Exercise instructions:
No pictures belong in the copy. Restate the rest of the data exactly.

Source material:
........

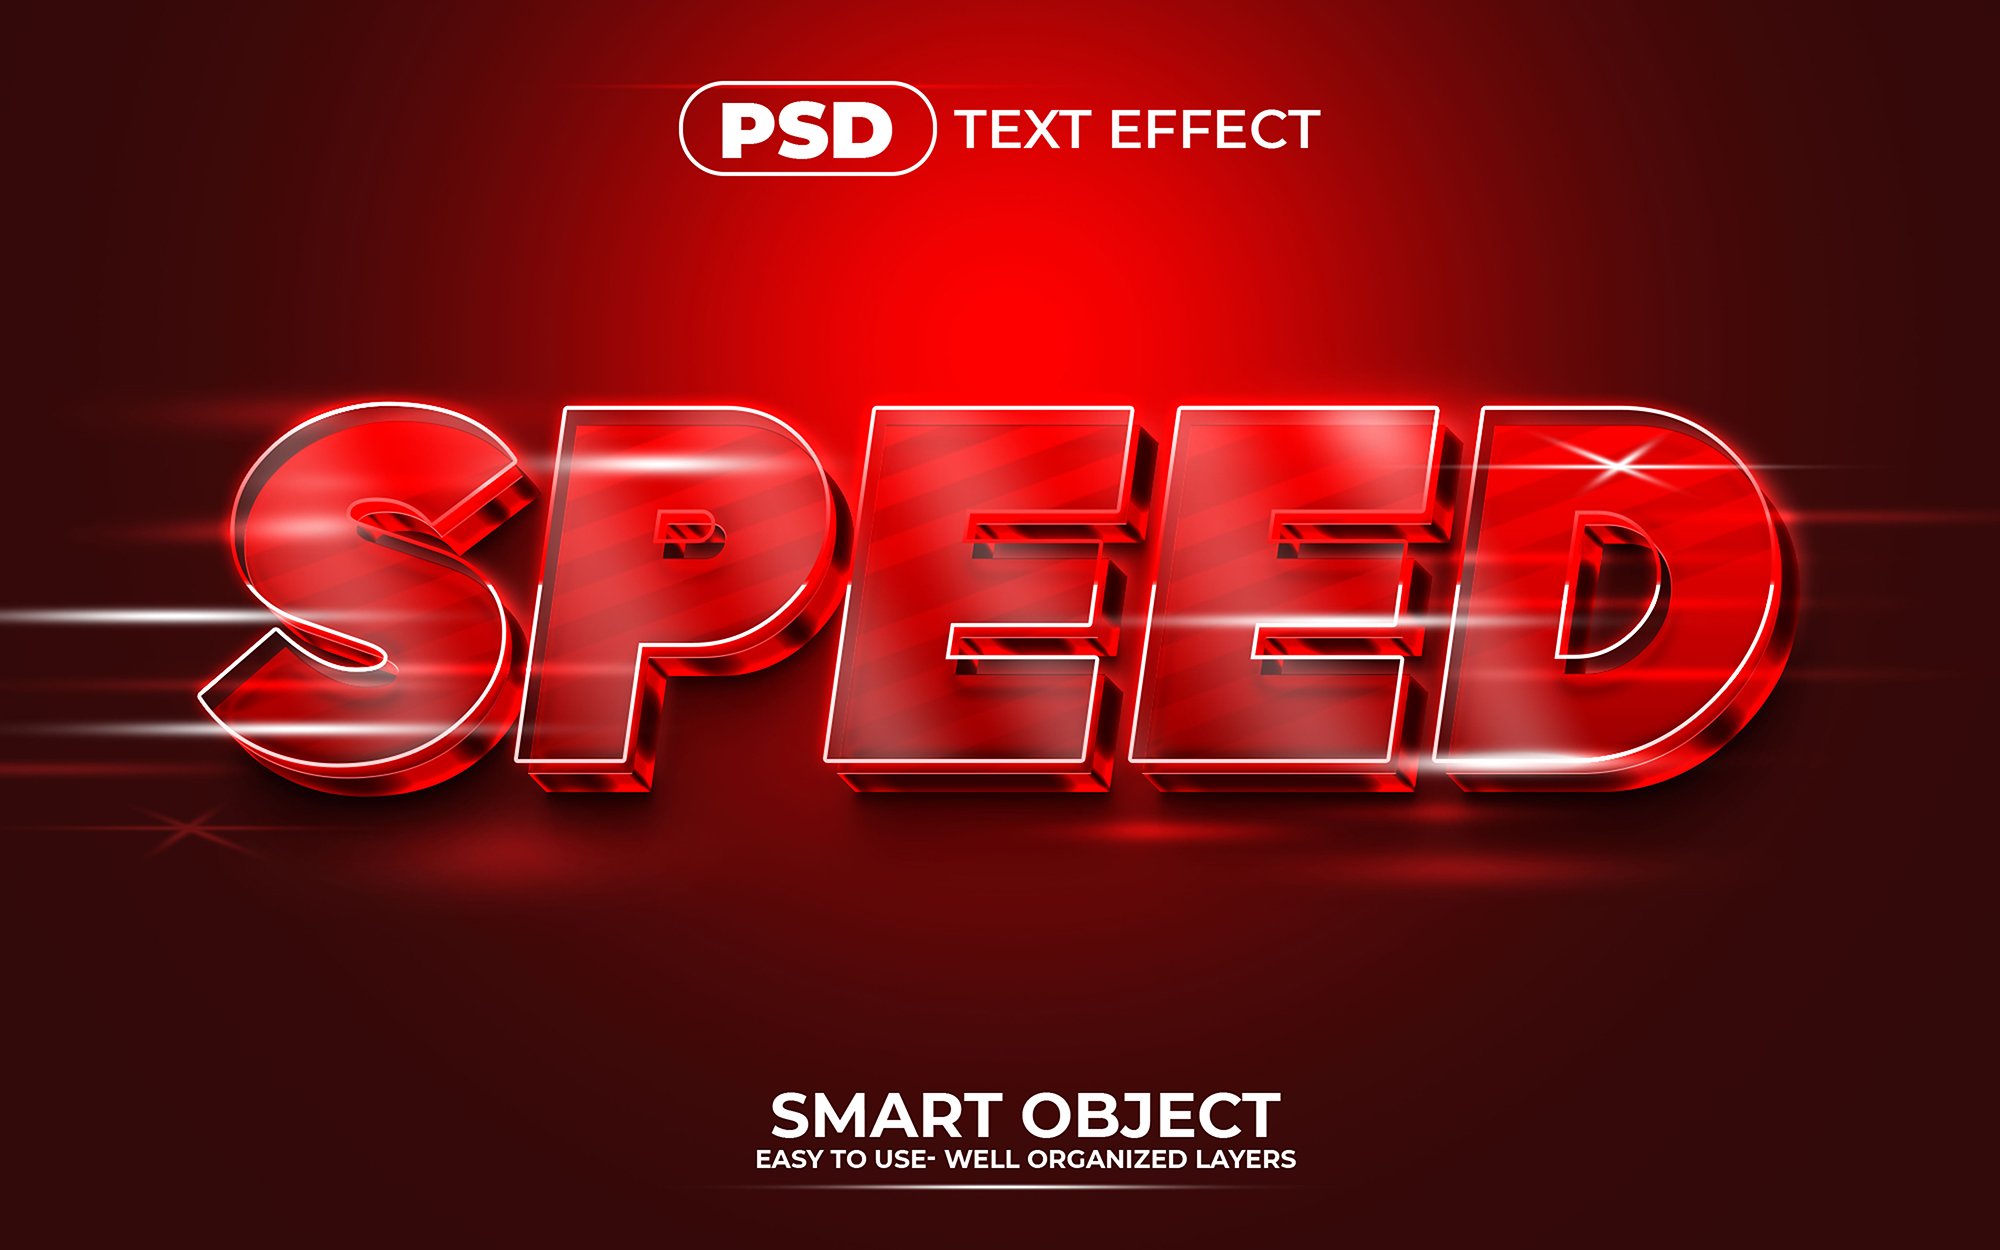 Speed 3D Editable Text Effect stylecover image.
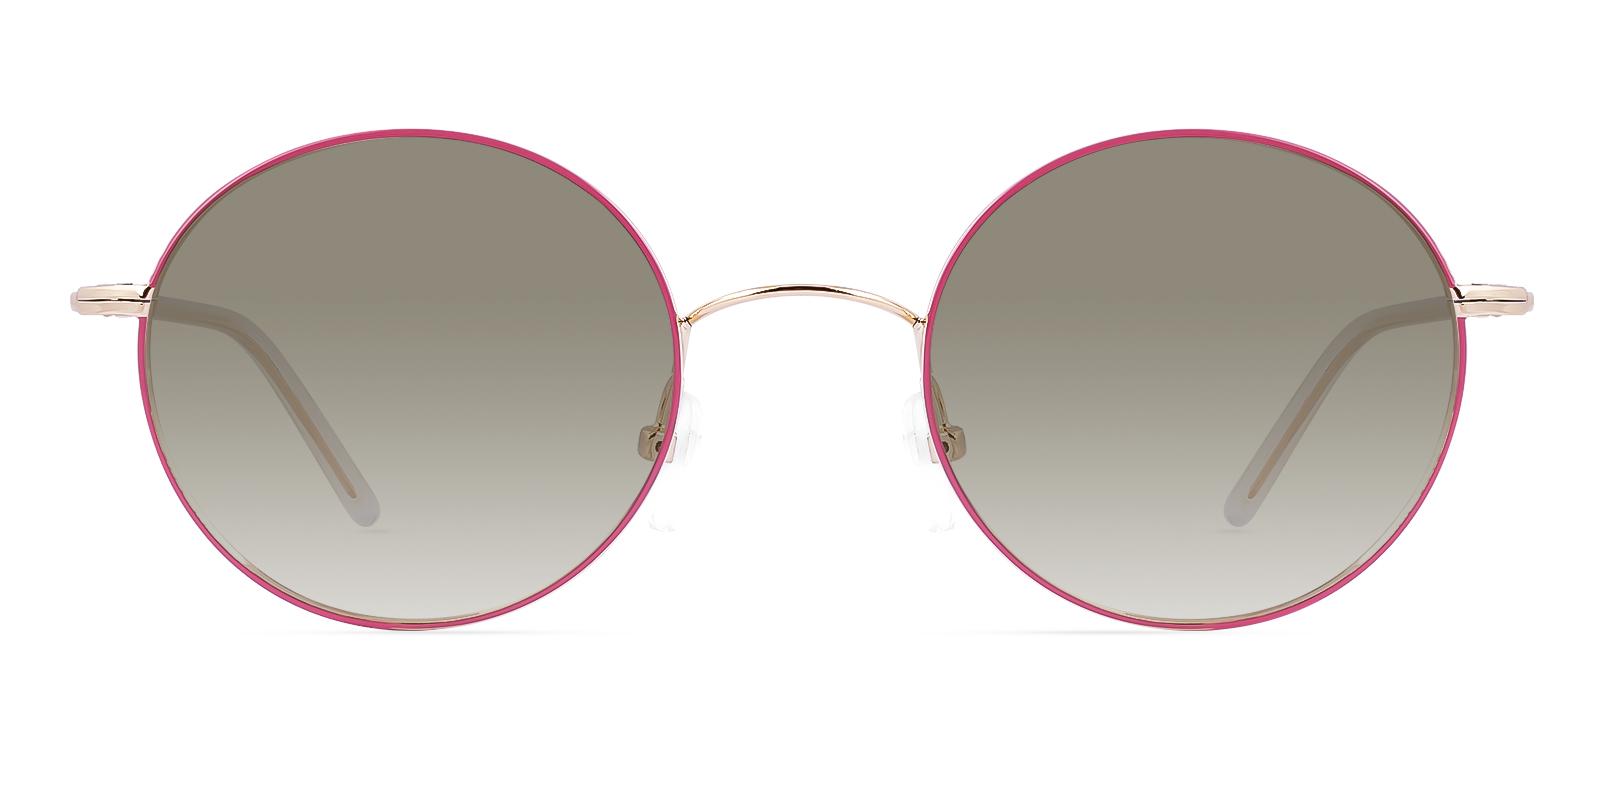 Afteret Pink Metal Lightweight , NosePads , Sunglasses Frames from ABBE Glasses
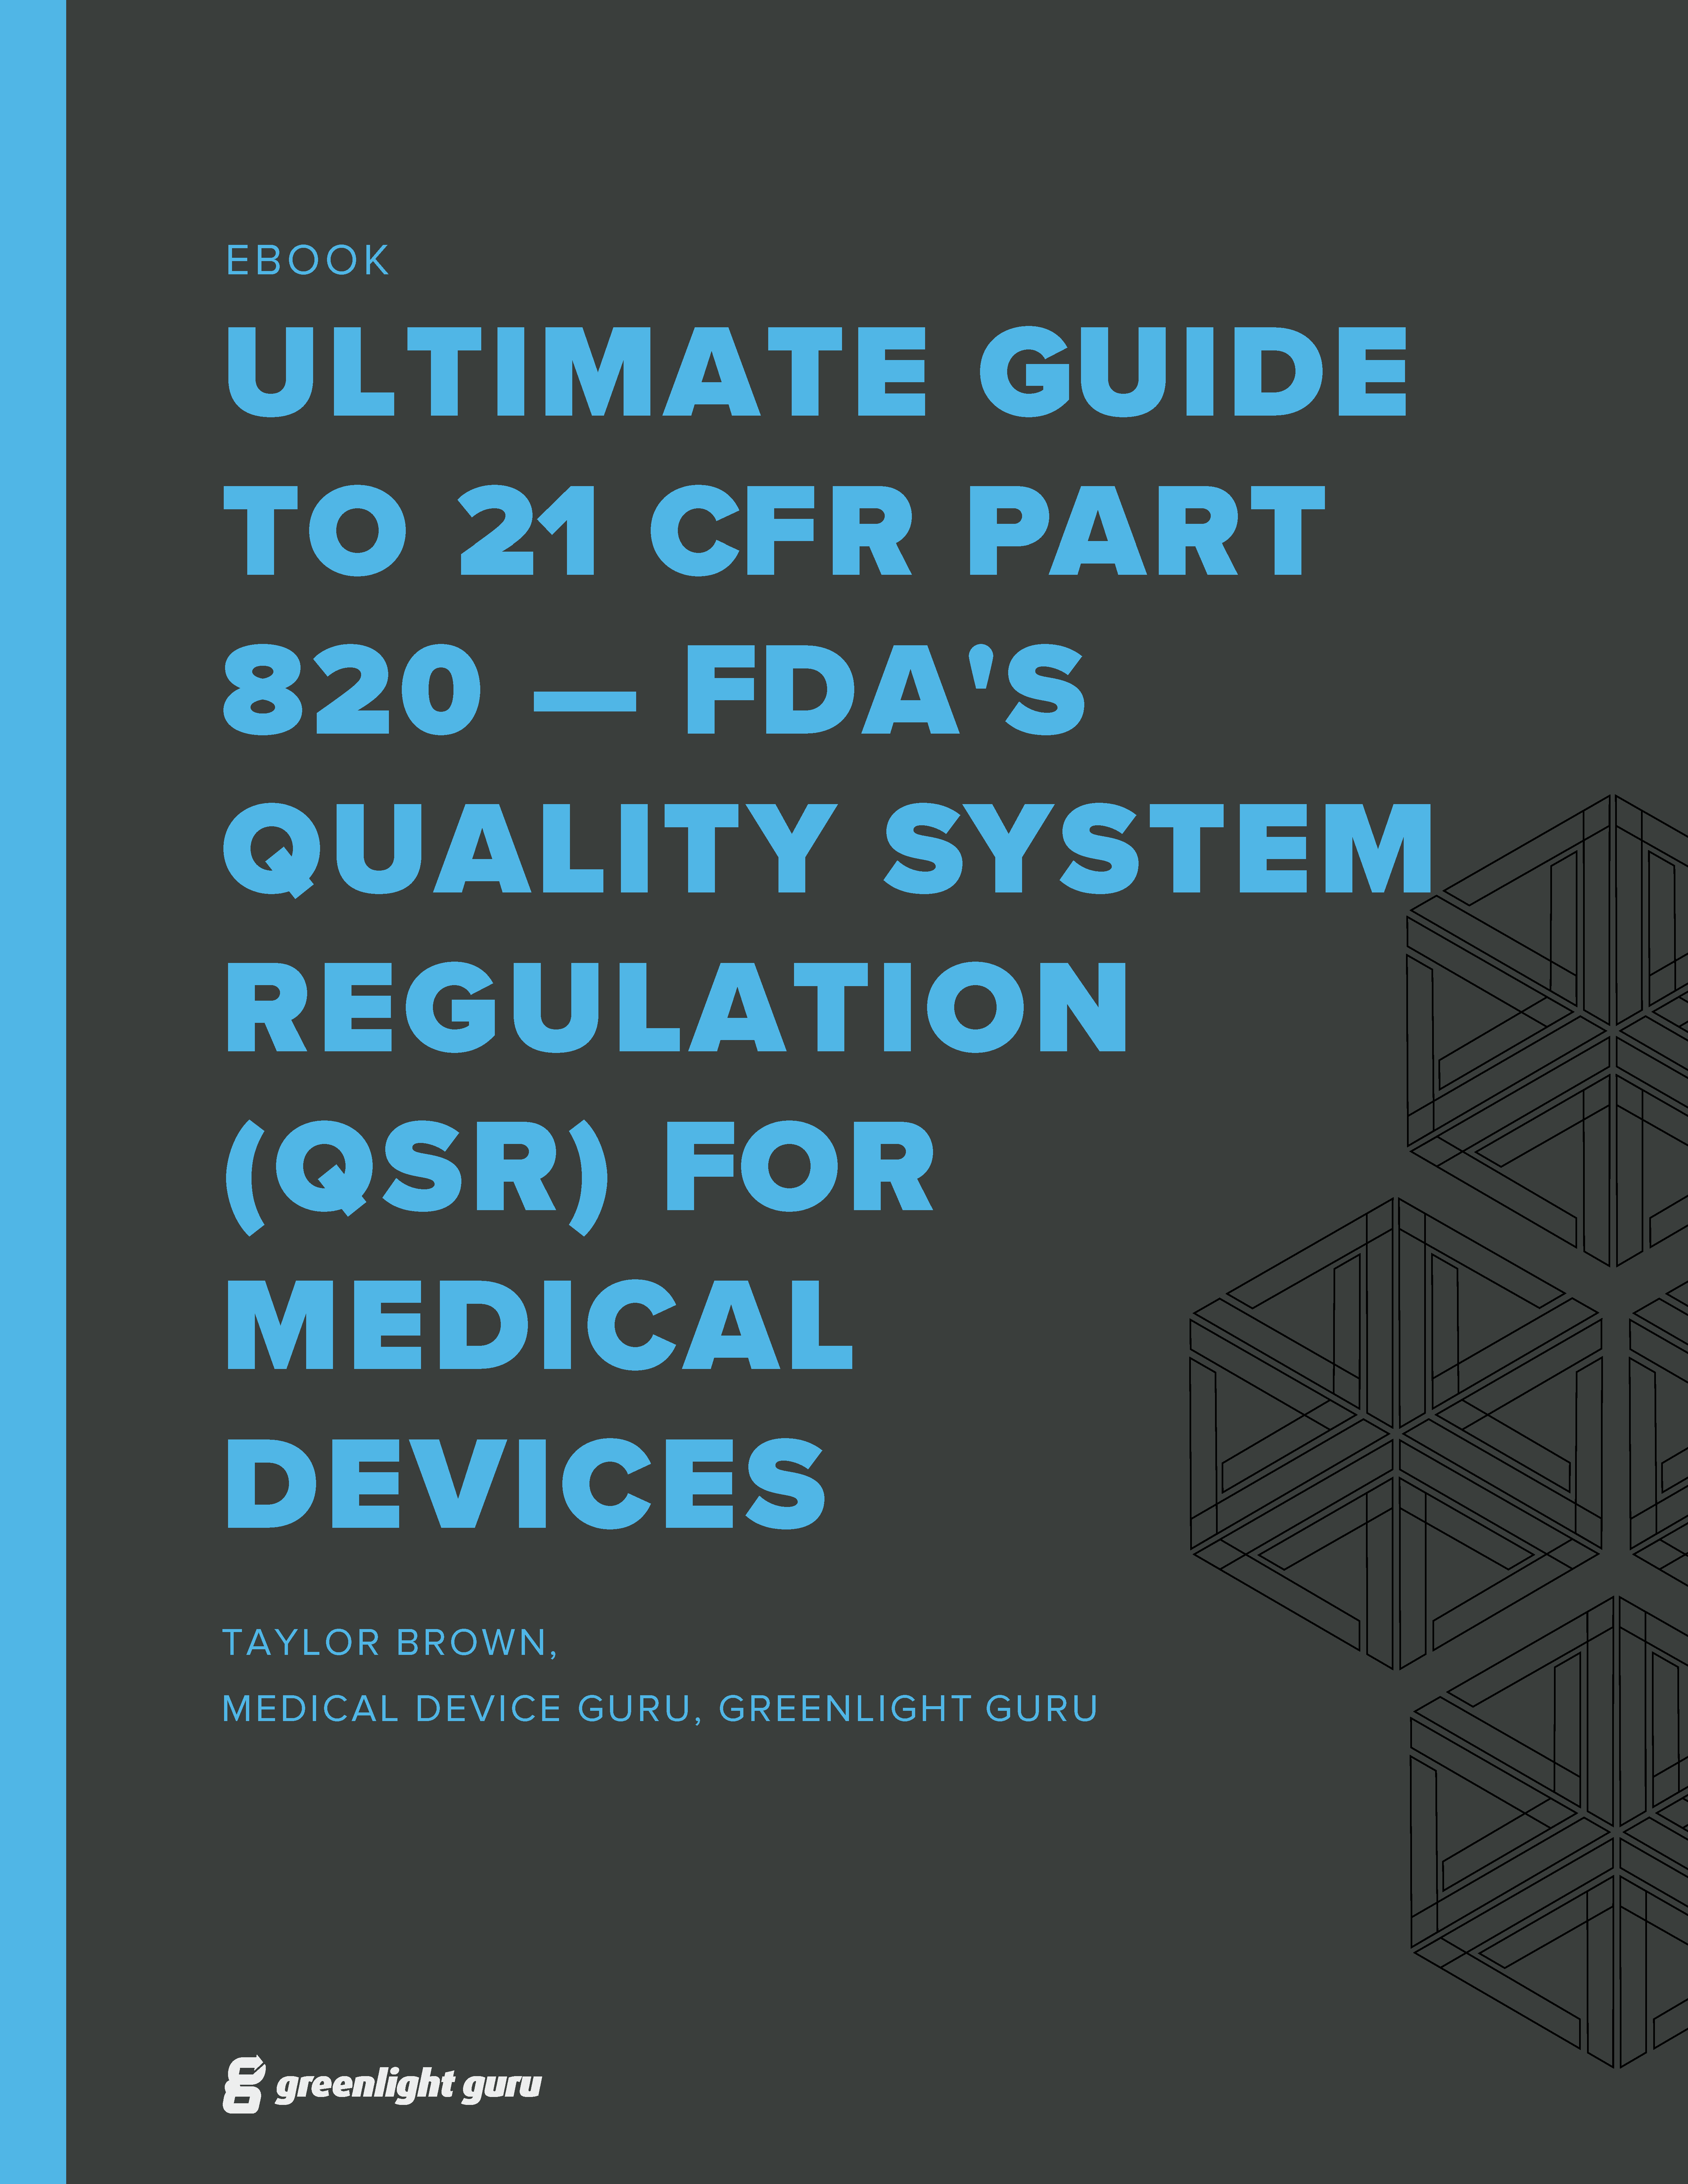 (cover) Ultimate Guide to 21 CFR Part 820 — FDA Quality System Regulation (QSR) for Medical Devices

........

Your solution:
 Speed 3D Editable Text Effect stylecover image.
 Afteret Pink Metal Lightweight , NosePads , Sunglasses Frames from ABBE Glasses
 (cover) Ultimate Guide to 21 CFR Part 820 — FDA Quality System Regulation (QSR) for Medical Devices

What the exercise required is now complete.